Could the data below please be reproduced word for word, without the pictures?
++++ DATA TO EXAMINE ++++
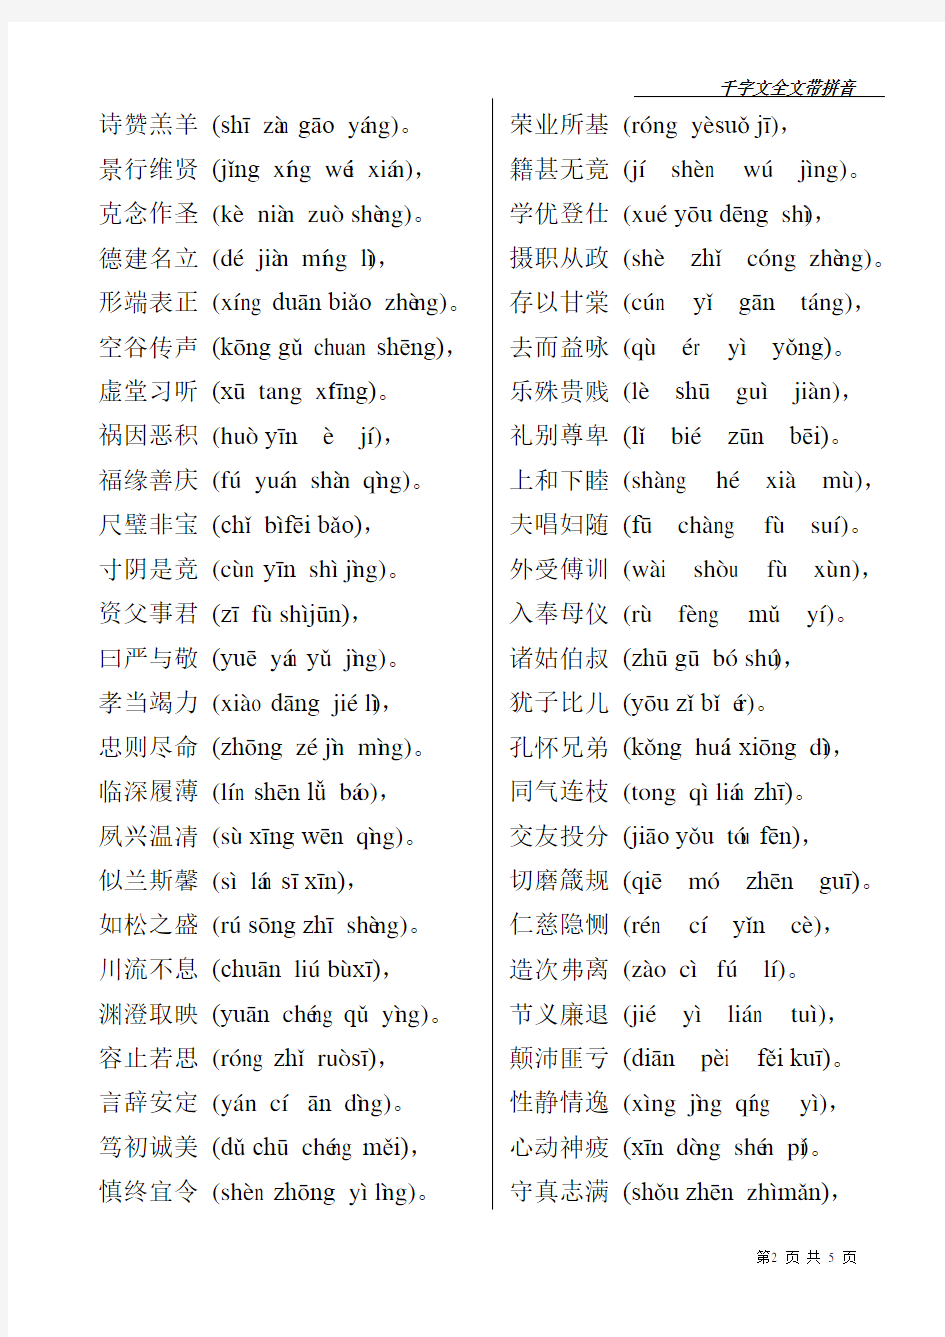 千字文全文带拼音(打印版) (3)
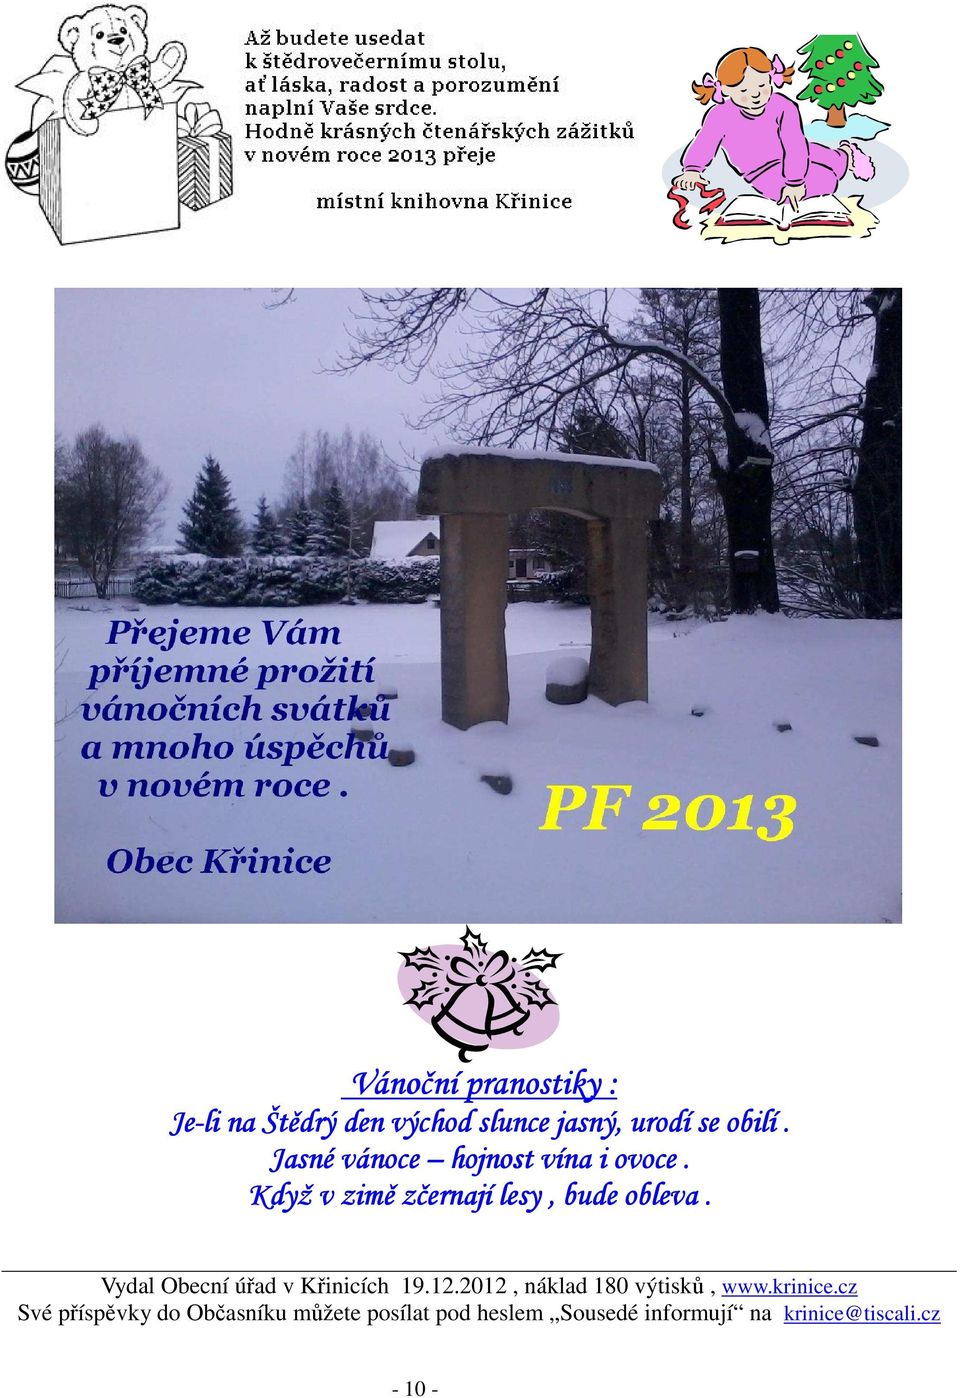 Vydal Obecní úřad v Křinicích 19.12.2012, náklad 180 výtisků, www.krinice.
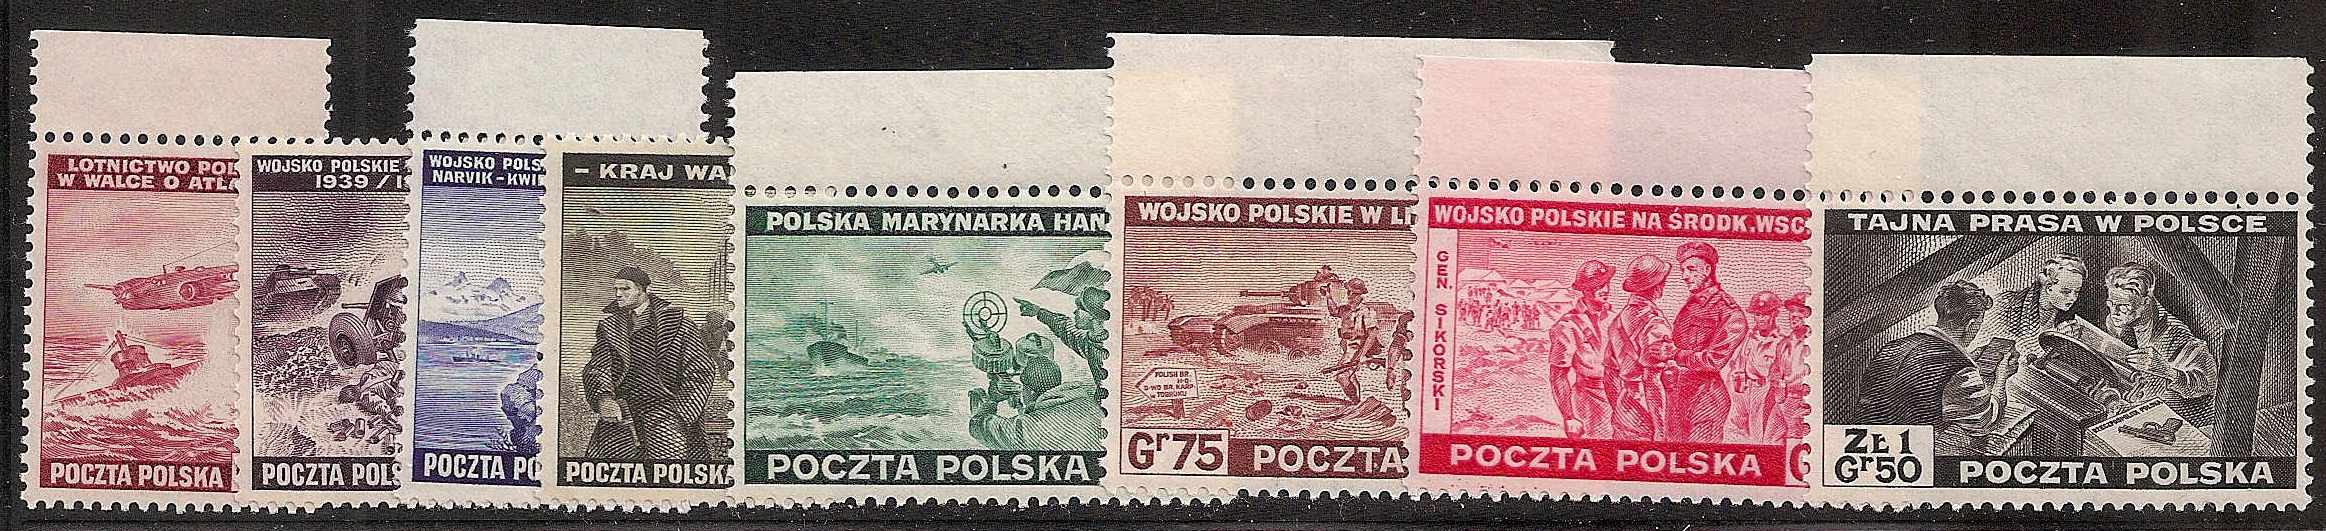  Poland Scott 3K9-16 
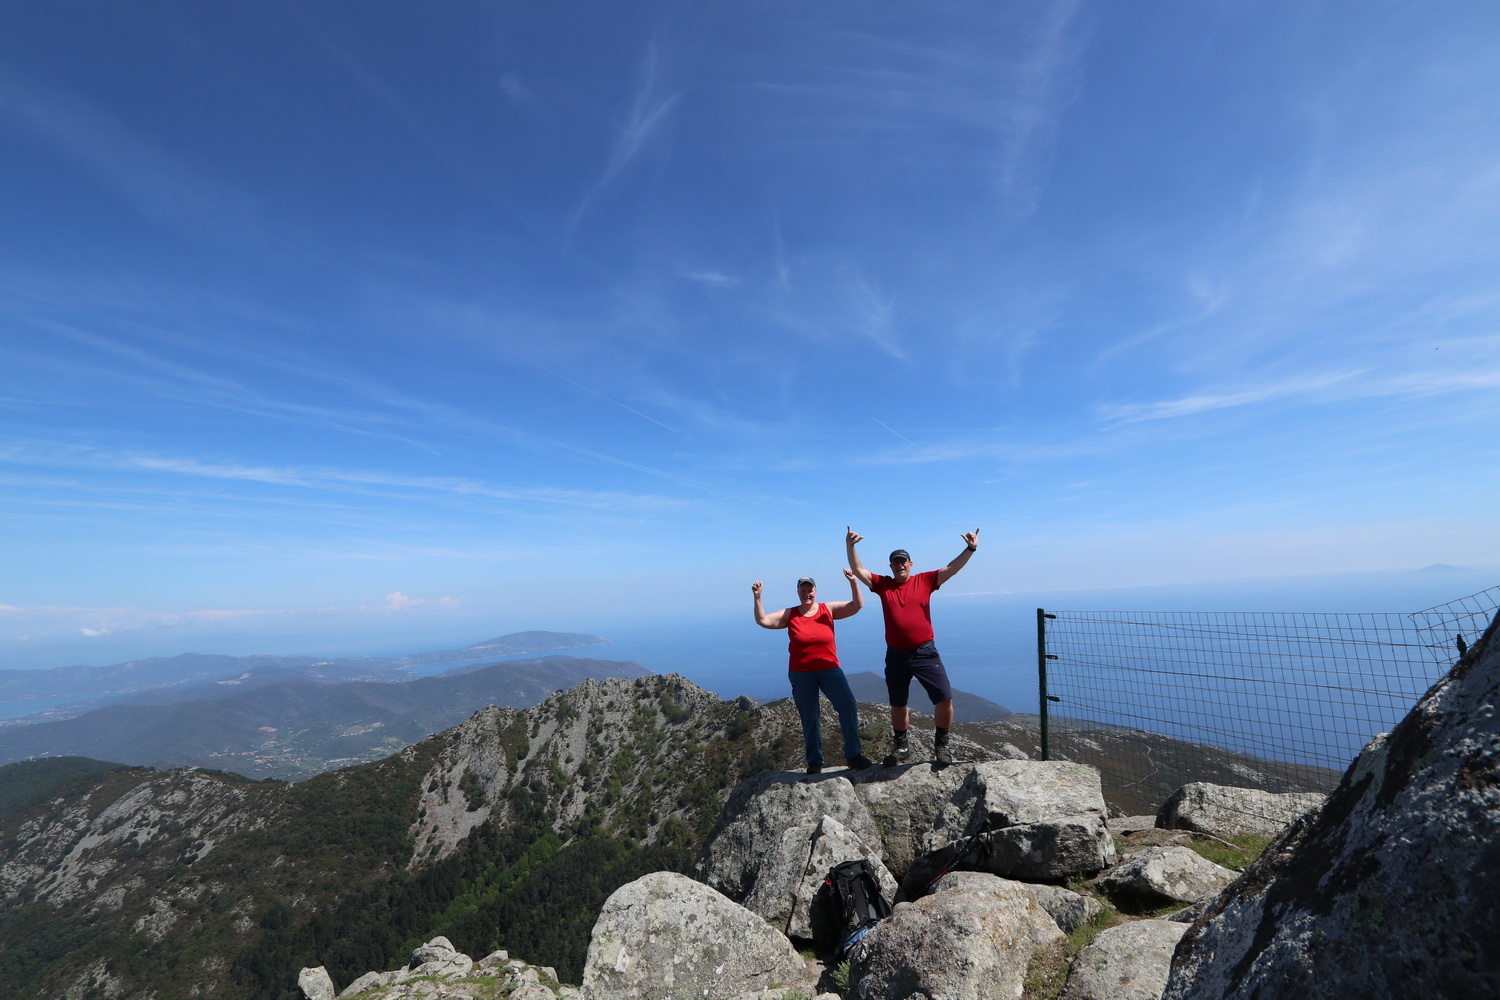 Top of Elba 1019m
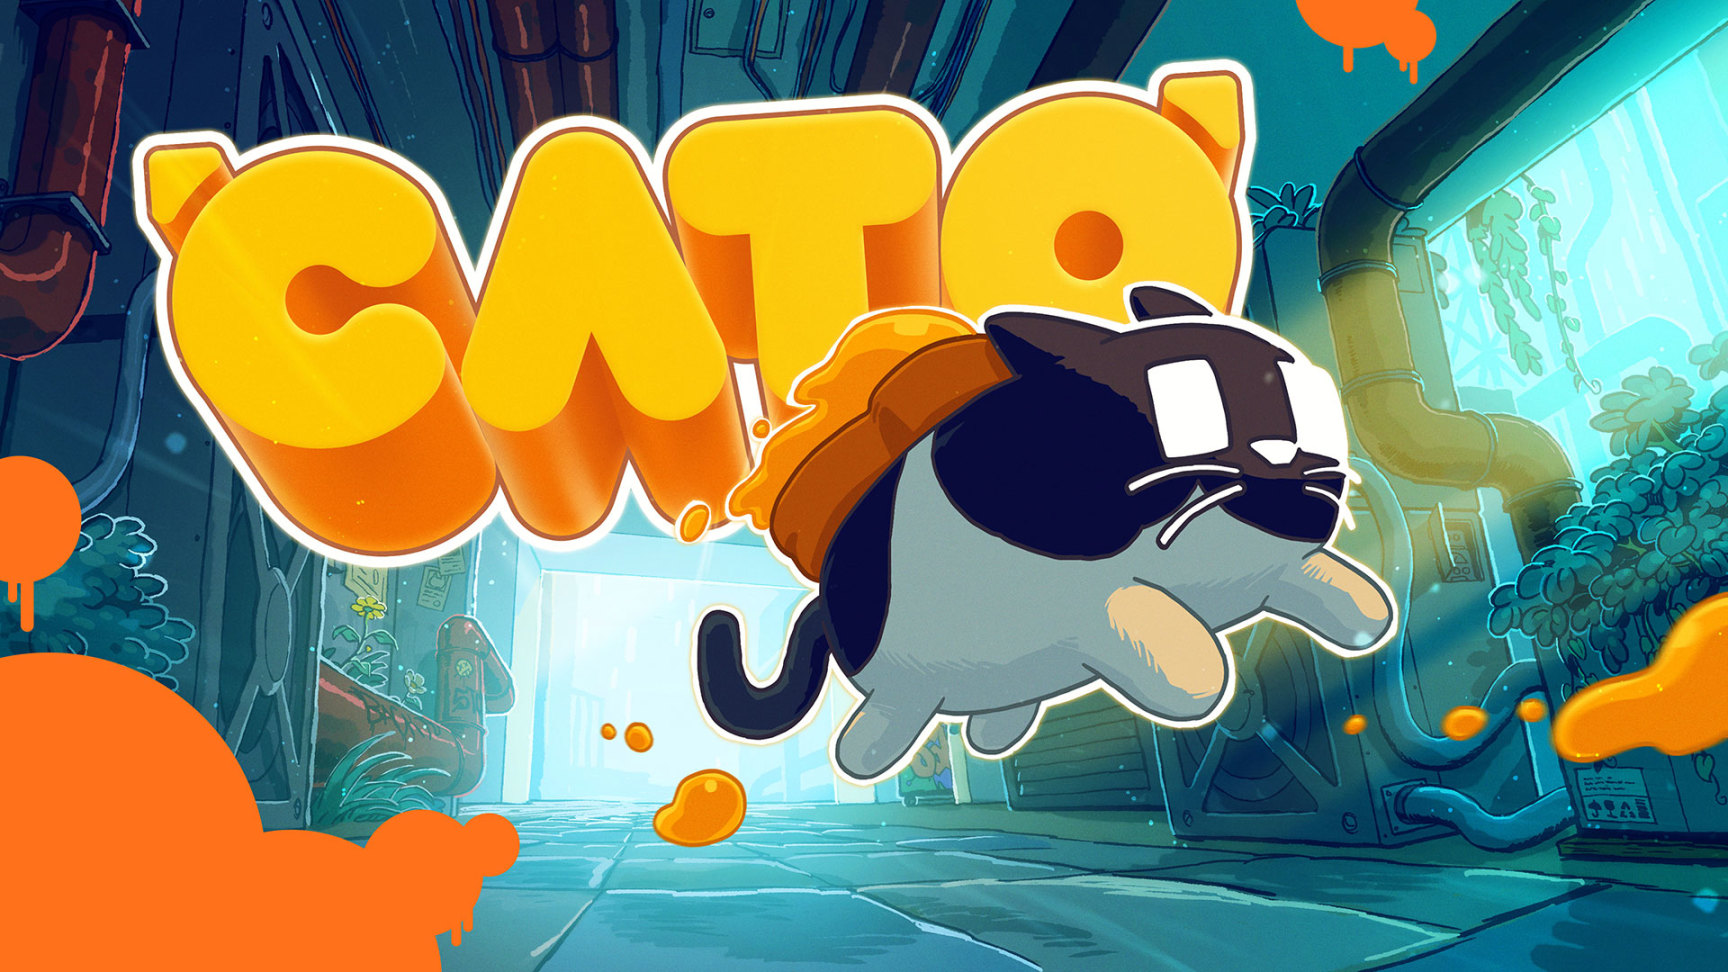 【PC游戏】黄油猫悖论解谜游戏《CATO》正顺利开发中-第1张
++++
YOUR SOLUTION:
 千字文全文带拼音(打印版) (3)
 Vydal Obecní úřad v Křinicích 19.12.2012, náklad 180 výtisků, www.krinice.
  Poland Scott 3K9-16 
 Top of Elba 1019m
 【PC游戏】黄油猫悖论解谜游戏《CATO》正顺利开发中-第1张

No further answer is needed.